First, retirement: Your mother is only several years away from Social Security eligibility, assuming she’s been working. If she has not been working, she is entitled to a half of a former husband’s social security or hers, whichever is more. If she remarries, she loses that election. Thus, the economic consequences of Social Security are a consideration. Further, with regard to retirement beneficiaries, absent a premarital agreement a spouse must be named as the 401K or any other ERISA plan beneficiary. With regard to an IRA, anyone at any time can be named as a beneficiary at any time; IRA beneficiaries are not linked to marriage as are 401K and other ERISA retirement plans.

Second, please consider home ownership. Typically, when a married couple purchases a home, the attorney titles the home to both married persons as tenants by the entirety, which includes a right of survivorship. Consider whether or not the home is going to be funded equally with money from both parties and whether both parties are going to pay for the home. Then, of course, whoever is the first to die loses the home to the other surviving spouse. If this is not the intent, then a premarital agreement or an appropriate real estate agreement (post-marital agreement) at the time of purchase of the primary residence is in order.

Third, you should consider the Doctrine of Necessaries.
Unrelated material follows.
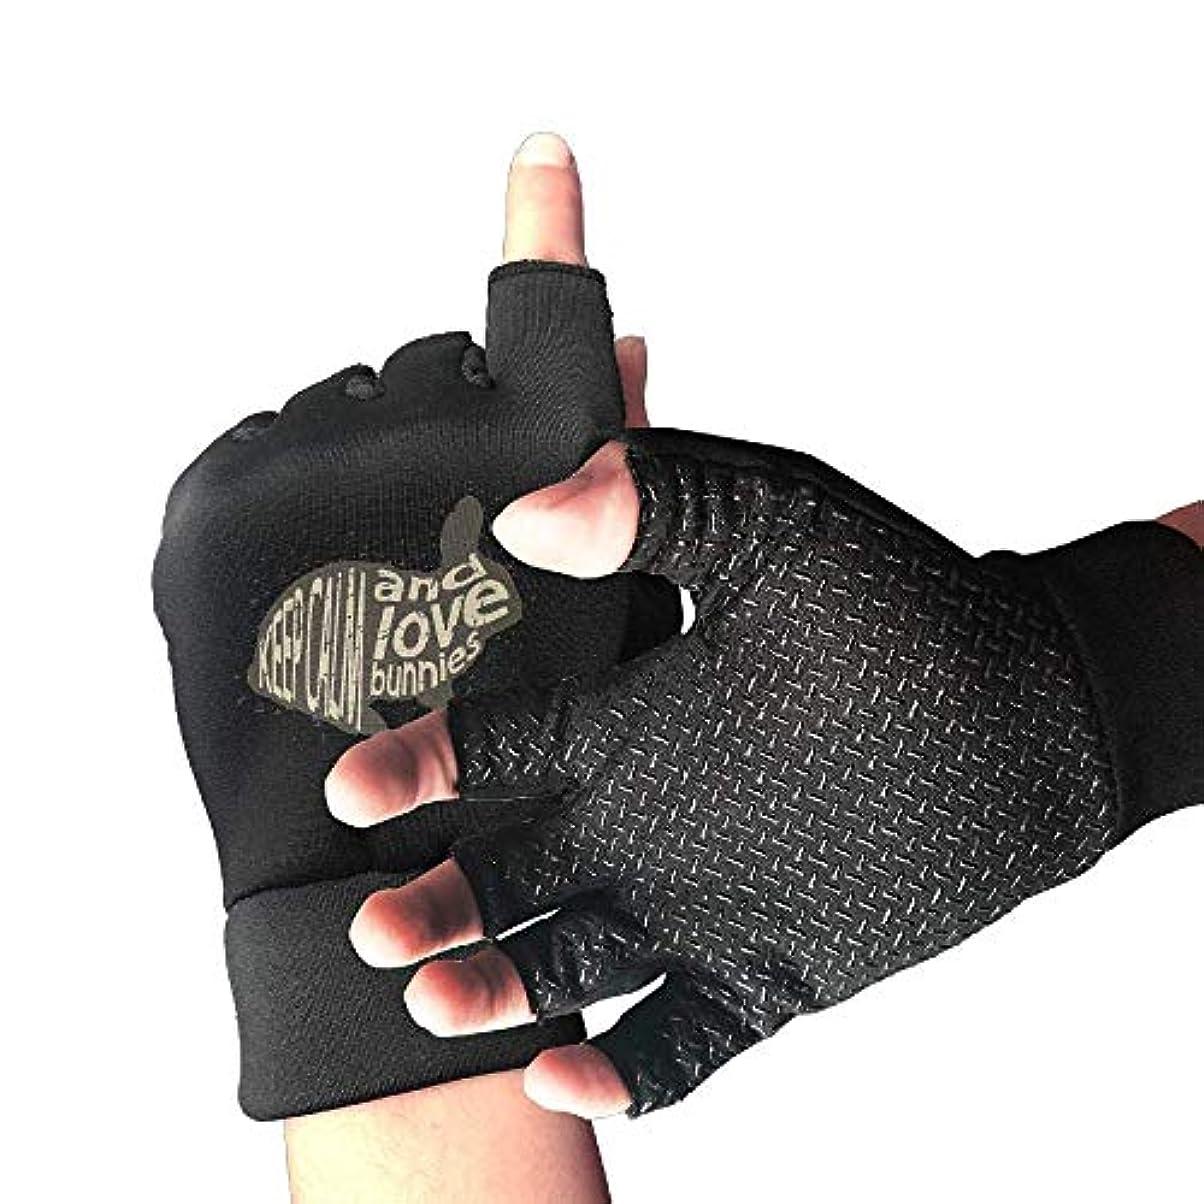 効能ある省略する不確実Cycling Gloves Keep Calm and Love Bunnies Men's/Women's Mountain Bike Gloves Half Finger Anti-Slip Motorcycle...

Today, both husband and wife share equally in the liability for the expenses of the other spouse. A medical provider can sue the other spouse for an unpaid medical bill under the North Caroline Doctrine of Necessaries. It is unclear whether the Doctrine of Necessaries can be waived in a premarital agreement, even if notice is given to a healthcare provider as long as the parties are in an intact marital situation. (In the case of separated spouses, there is a case that says the estranged spouse cannot be sued if notice of the separation is given to the healthcare provider.)

Yes, your mother should consider a premarital agreement. A premarital agreement can deal with a myriad of the issues of the retirement beneficiaries, home ownership, how the household budget will be run and most any other item that is the financial component of a marriage other than perhaps the Doctrine of Necessaries. It is unclear in the North Caroline law if the Doctrine of Necessaries can be waived in an intact marriage.